The Nernst Equation is a powerful tool to determine the potential of an electrochemical cell under non-standard conditions. It adjusts the standard potential to account for the actual concentrations of the reactants and products present in the cell. This is immensely helpful in practical applications, where conditions rarely match the "standard" setup.Here's the equation:\[E = E° - \frac{RT}{nF} \ln{Q}\]Where:- \(E\) is the cell potential under non-standard conditions.- \(E°\) is the standard cell potential.- \(R\) is the gas constant (8.314 J/mol·K).- \(T\) is the temperature in Kelvin.- \(n\) is the number of moles of electrons transferred.- \(F\) is Farday's constant (96,485 C/mol).- \(Q\) is the reaction quotient, describing the ratio of concentrations of products over reactants.For our voltaic cell, we used the concentrations given: \([Ag^+] = 0.15 M\) and \([I^-] = 0.035 M\).

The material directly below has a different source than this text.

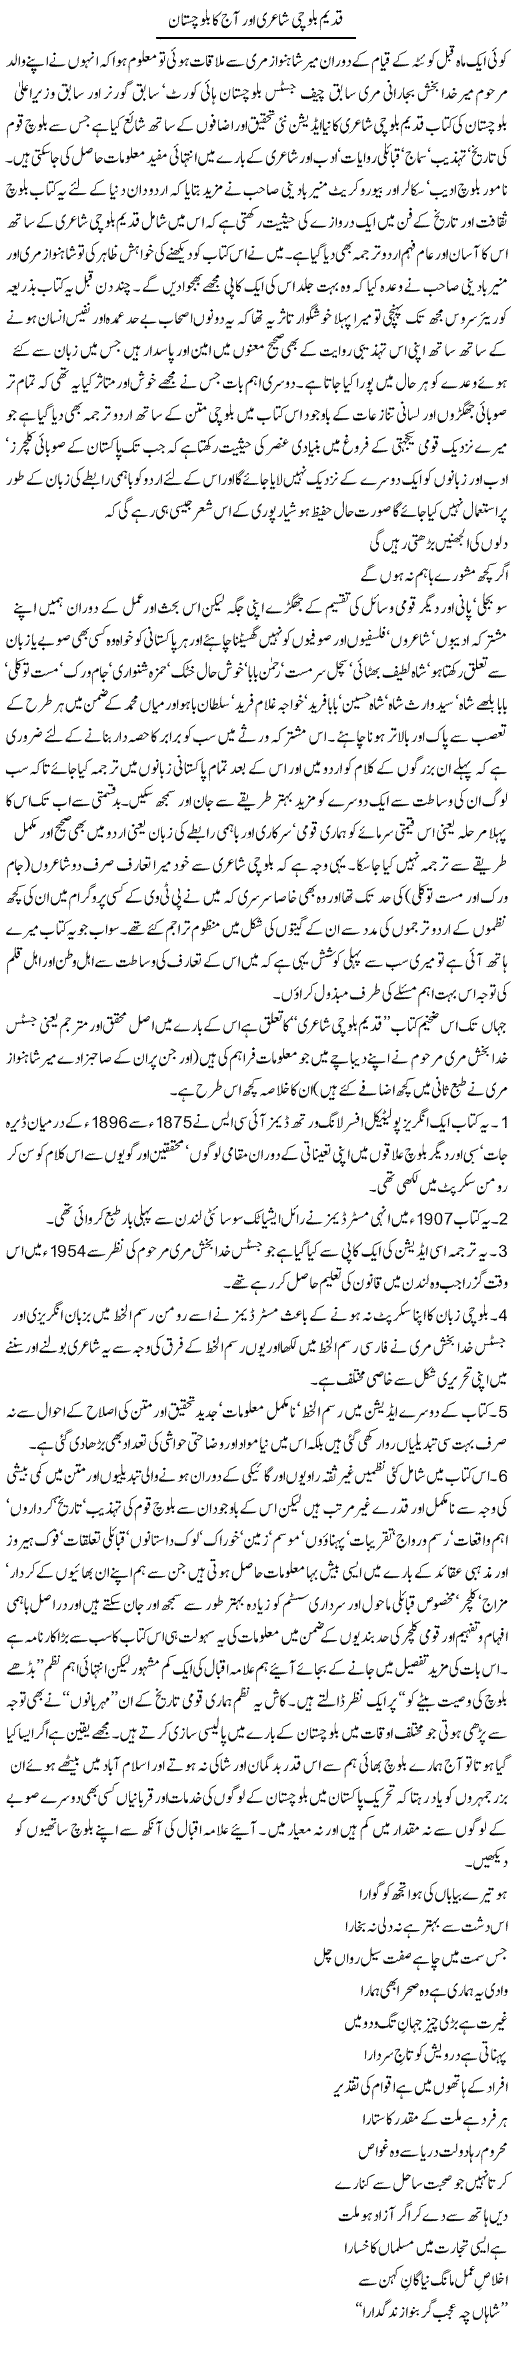 Balochi Shairi Express Column Amjad Islam 5 August 2010

The reaction quotient, \(Q\), is found using:\[Q = \frac{[Ag^+]^2}{[I^-]^2}\]Substituting all this into the Nernst Equation gives a cell potential \(E\) of approximately 0.357 V. This showcases how concentration changes impact cell potential, emphasizing the dynamic nature of real-world conditions.

Electrode Potentials

Electrode potentials define the voltage or electromotive force (emf) developed by a cell. They depict the cell's ability to drive the flow of electric current through an external circuit. When we consider a voltaic cell, there are two electrodes involved: the cathode and the anode, each with differing potentials. The cathode has a higher electrode potential, meaning it attracts electrons. As we've seen in this particular scenario, the silver electrode serves as the cathode due to its higher standard reduction potential when compared to iodine. On the other hand, the anode hosts oxidation, where electrons are released. In our case, the iodine electrode plays this role. Electrode potential essentially describes these tendencies and the ensuing electron journey between these terminals. Using these basic principles, we can understand why the cell operates the way it does. The potential difference between the cathode and anode is what makes the flow of electrons possible, and hence, the cell's ability to do work. Understanding electrode potentials helps in predicting the direction of electron flow, assessing the feasibility of reactions, and in practical applications like designing batteries and electroplating processes. Together, they form the backbone of various electrochemical technologies.